The author of Hebrews tells them to lay aside the weights that weary them, and this is valid instruction for Christians today. We tire because we carry too much, and most of the burden is in the realm of perceived needs. The media tells us that we need this and that, and we are easily distracted. How much of what you have is really directed toward serving the Lord Jesus in a better way?
How much wasted motion we have in our Christian lives! In swimming, you are taught to cut the water at an angle, because the first few degrees not only are wasted, they work against you. In jogging, extra weight makes you work harder to reach your goal. Are you kept from making strides in your Christian life because of resistance and extra weight?
Some time ago, a woman who said she was a Christian came to see me about her severe depression. Her schedule was filled with things which in themselves weren’t wrong—classes, exercise, etc.—but which gave her no time for Christ. She was too busy. Between the internet, TV, your sports, work, classes, family, etc. is there really time for pressing on, for making strides in your Christian life, for doing the kinds of things you know the Lord would have you do? What vision do you have for what the Lord can do in your community? In the lives of your friends? Your children? Other children? Are you distracted and weighed down?
From time to time, God’s people become exhausted by their own sin. Sin makes the Christian life weary; it takes our eyes off the goal. Sins, like the desire for worldly security, wealth, and power hinder us. World-centered pleasures—whether sex, stripped of its holy meaning, or drugs, used to acquire chemically what we can’t get righteously (joy, peace, increased sensitivity)—make us weary.

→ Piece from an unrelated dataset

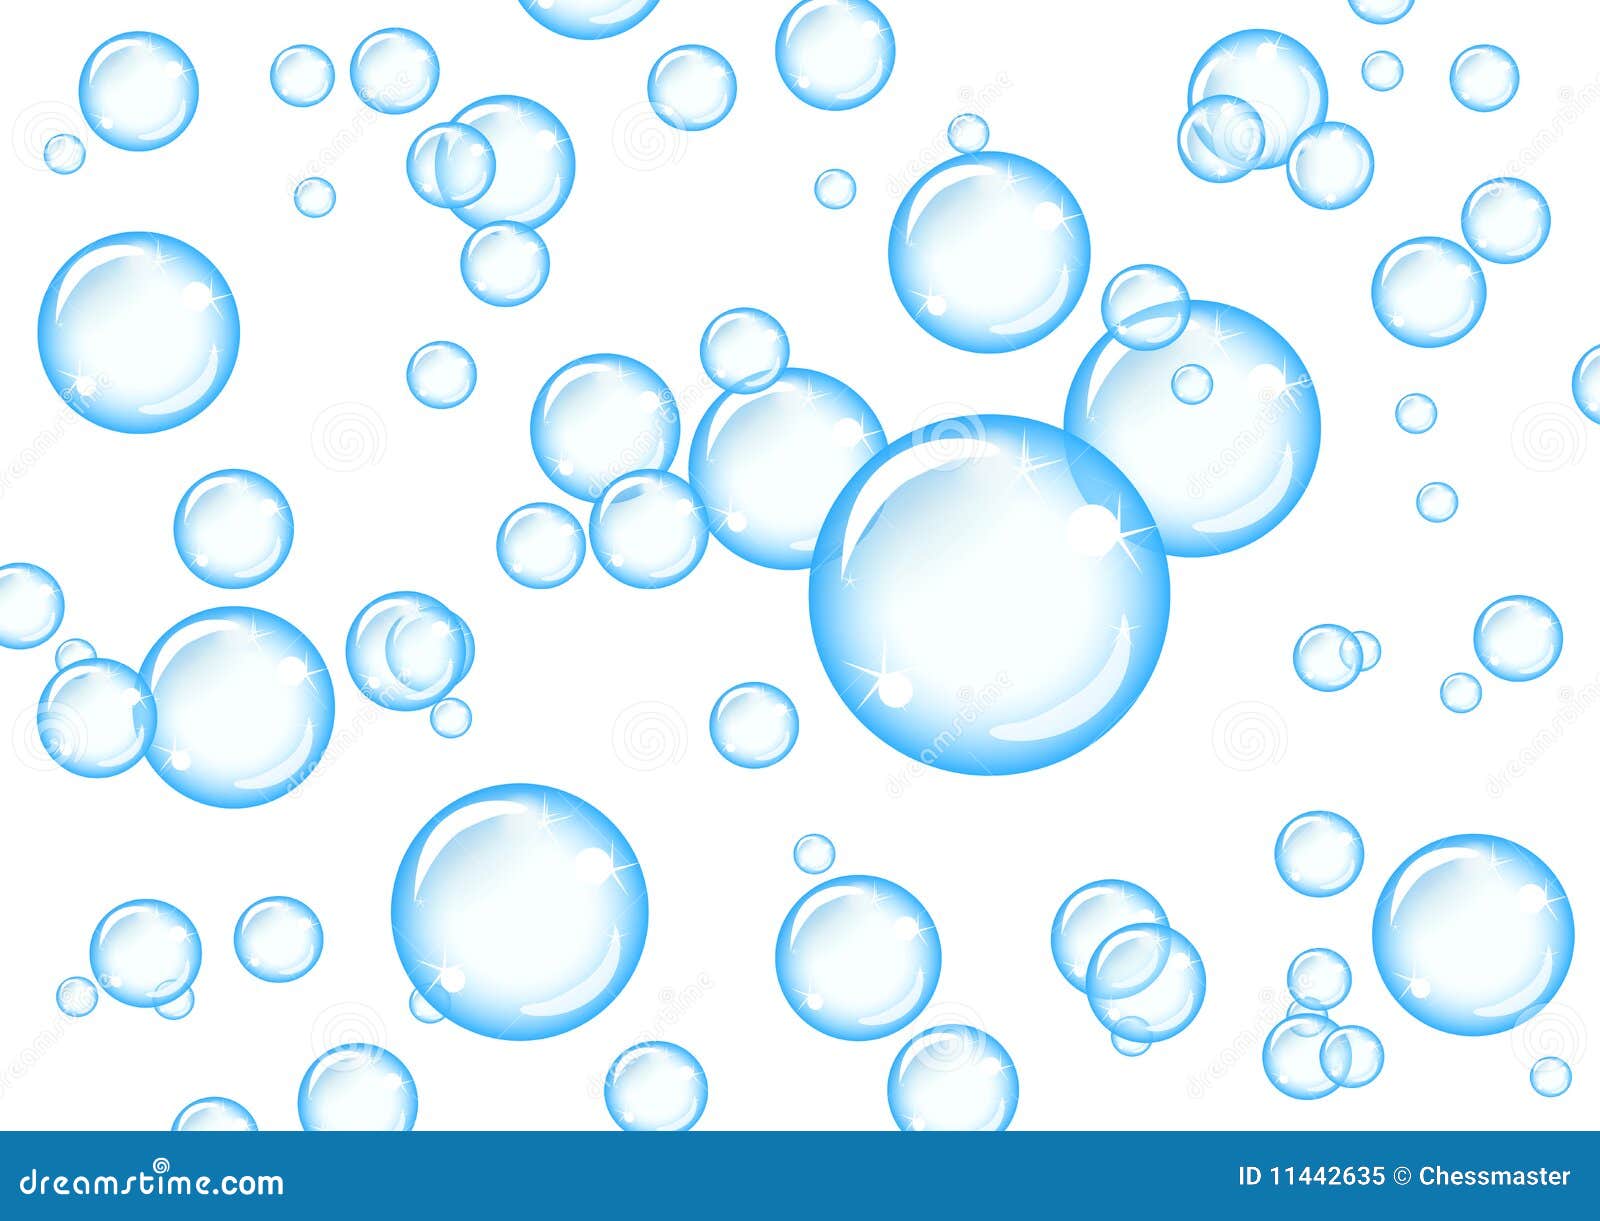 clipart bubbles background - photo #15

God wants us to leave these behind and run. He wants us to stretch our spiritual legs and run for His glory as one people who will receive the award. s indefinite in time as our lives might be, the goal compensates for everything.
We are to fix our spiritual eyes on Jesus. He is our goal. He called forth our faith in the beginning, and He will perfect it in the end. Remove Jesus from Christianity, and you have no goal. With no goal, there is no race.
I have a personal Goal who loves me. He endured the Cross, scorning its shame, in order to be at the end of the race waiting for me. He is seated at the right hand of the throne of God, which is home. Living in the world and according to the world—trying to hold onto time, trying to wring pleasure out of something which time will destroy—is like trying to hold water in a sieve. The end of such a life is a tragic end. But at the end of my life as a Christian is the One who died to put me in the race, who gives me strength to run the race, and who counted the joy of pleasing the Father by redeeming me as a joy worth His awful death.